In this link: Are monotonic and bijective functions the same? the accepted answer gives an example that $f(x)$ is bijective but not monotone. I tried to define $f^{-1}(y)$ as the same as $f(x)$ defined in this post, and compute the $f$. Then we can have $f^{-1}(y)$ not monotone and $f$ bijective.
However, the problem is after the computation, I found that $f$ has the same expression as $f^{-1}$ in the same regions, which implies that $f$ is not monotone.

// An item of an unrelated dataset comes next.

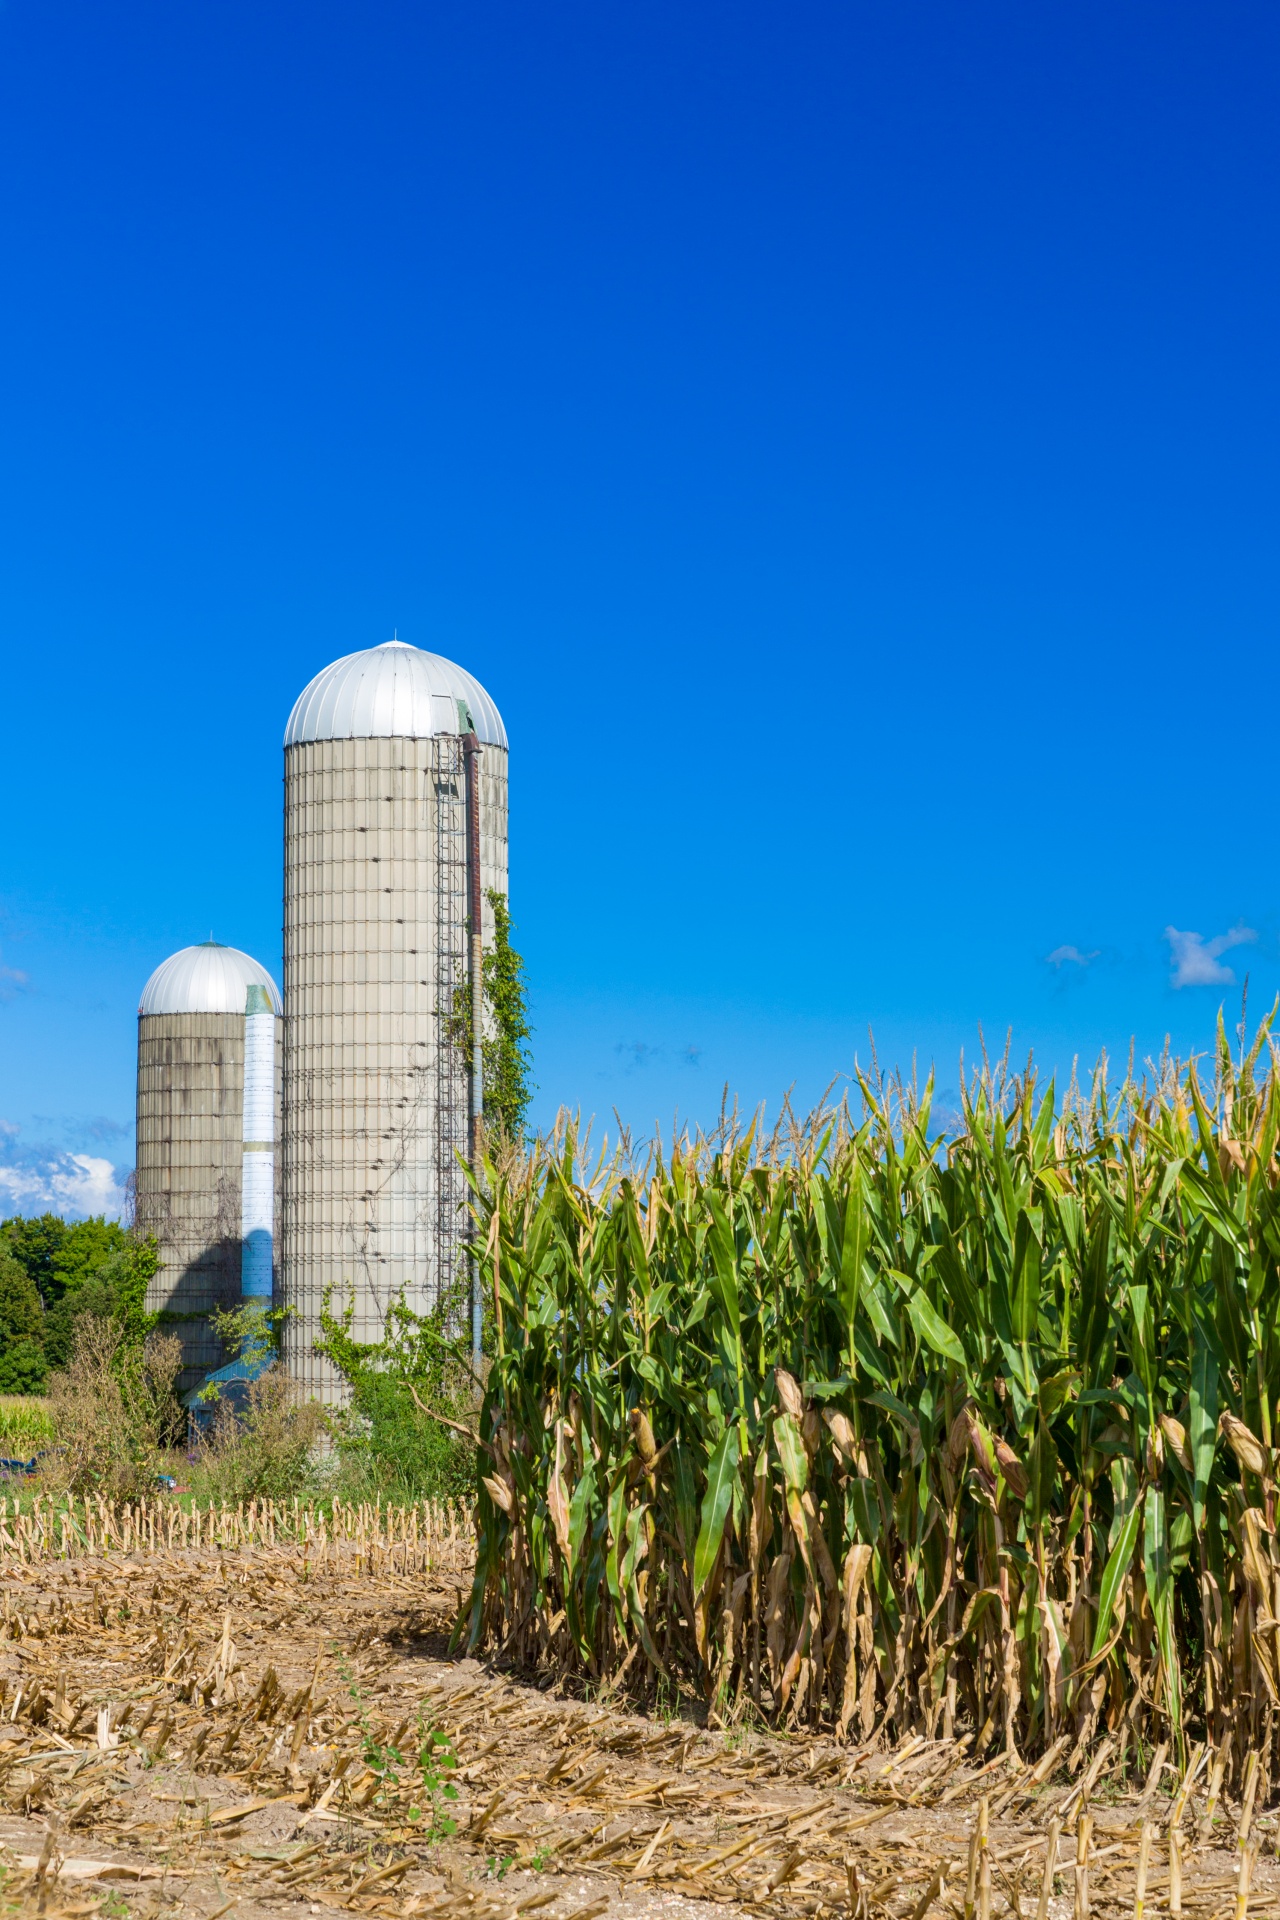 Corn field with a silo and a blue sky

I also tried different constructions using linear function, it turned out that we can easily arrive either both $f$ and $f^{-1}$ are monotone or neither of them is monotone.
Is there any other possible construction I can follows?

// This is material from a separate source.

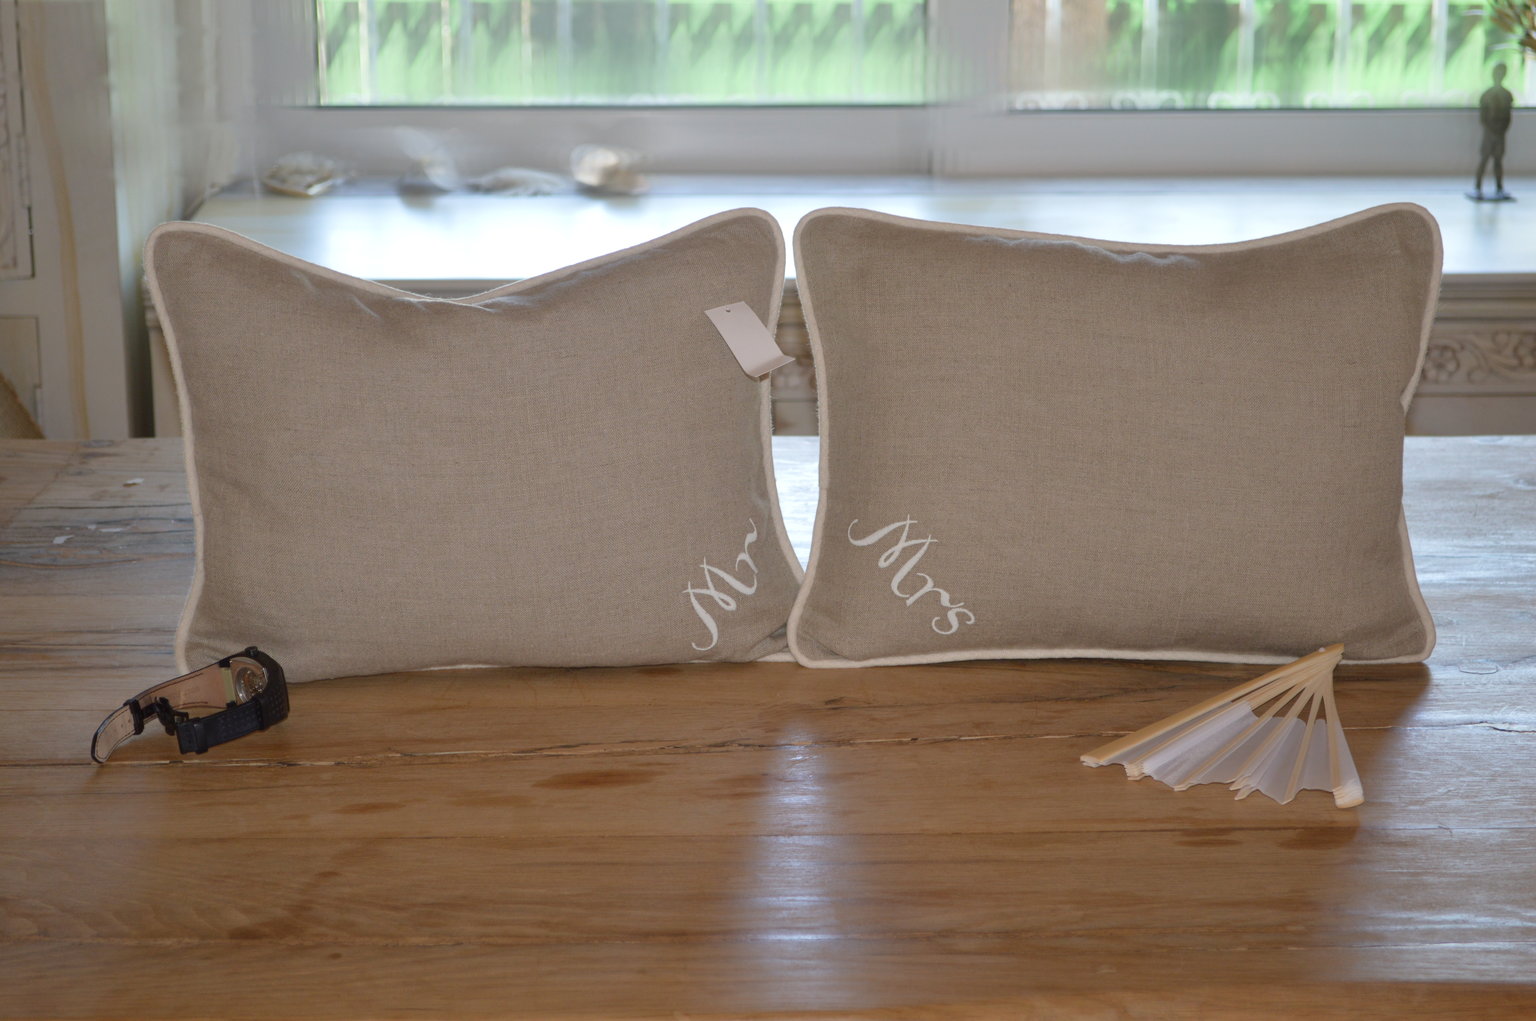 "Mr" and "Mrs" decorative pillows
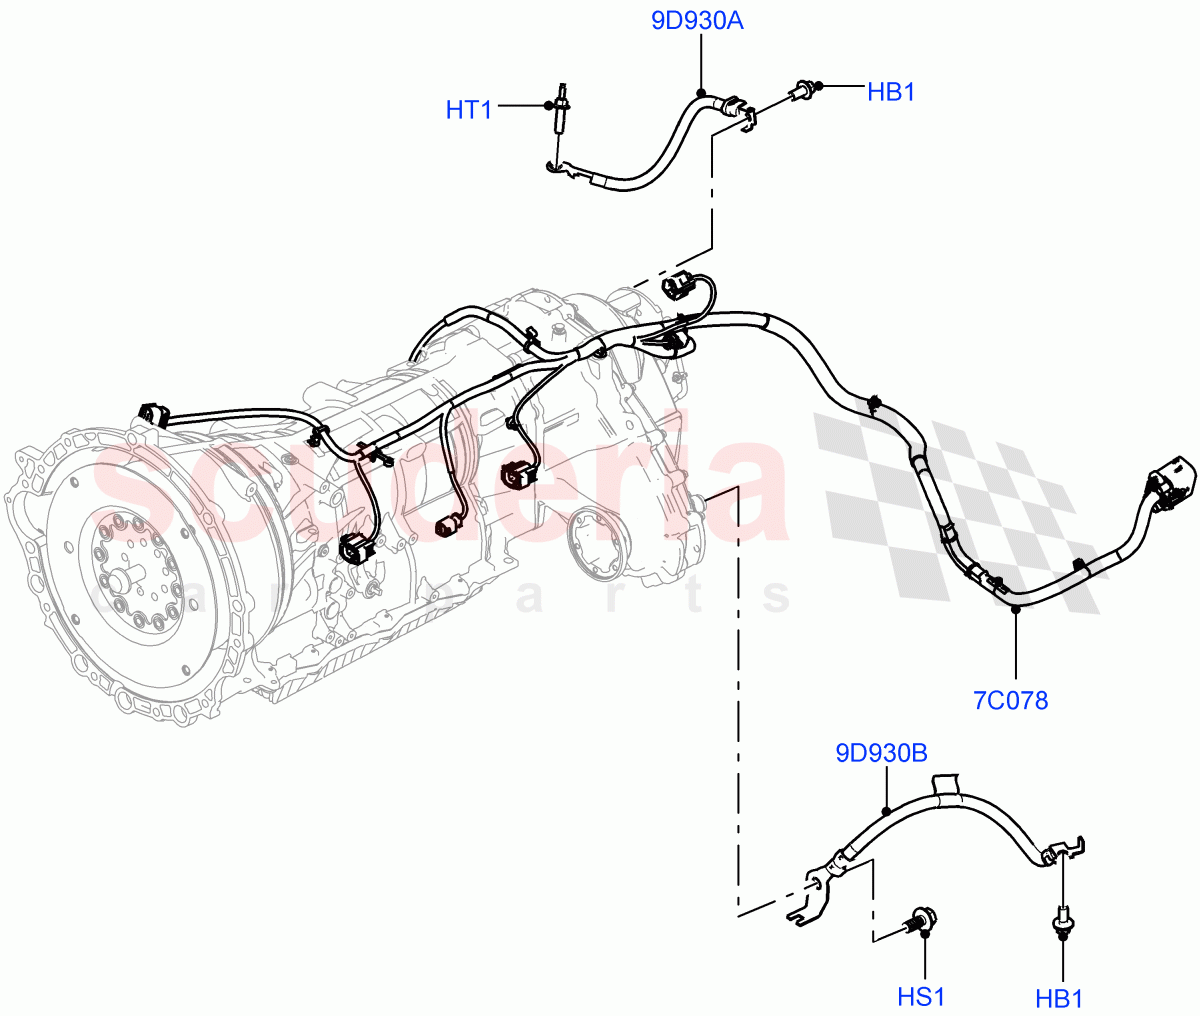 Transmission Harness(Solihull Plant Build)((V)FROMHA000001) of Land Rover Land Rover Discovery 5 (2017+) [2.0 Turbo Diesel]

By the way, in all the attempts I made, the construction is on $X=(\mathbb{R},\leq)$ and $Y=(\mathbb{R},\leq)$, so it is perhaps easier to choose other partially ordered set, for instance $Y:=(2^{\mathbb{R}},\subset)$, but then I don't know how to construct a bijective monotone function at all...(overall in the category theory, the monotone function can be respect to different partial orders, for instance, $x_{1}\leq_{X} x_{2}$ implies $f(x_{1})\leq_{Y} f(x_{2})$.)
Thank you!
Consider $X=Y=\{0,1\}$ with $ x \preceq_X y$ if and only if $x=y$ and $x \preceq_Y y$ if and only if $0 \preceq_Y 1$ or $x=y$.
The identity is a monotonic bijection between $(X,\preceq_X)$ and $(Y,\preceq_Y)$. However, the inverse is not monotonic.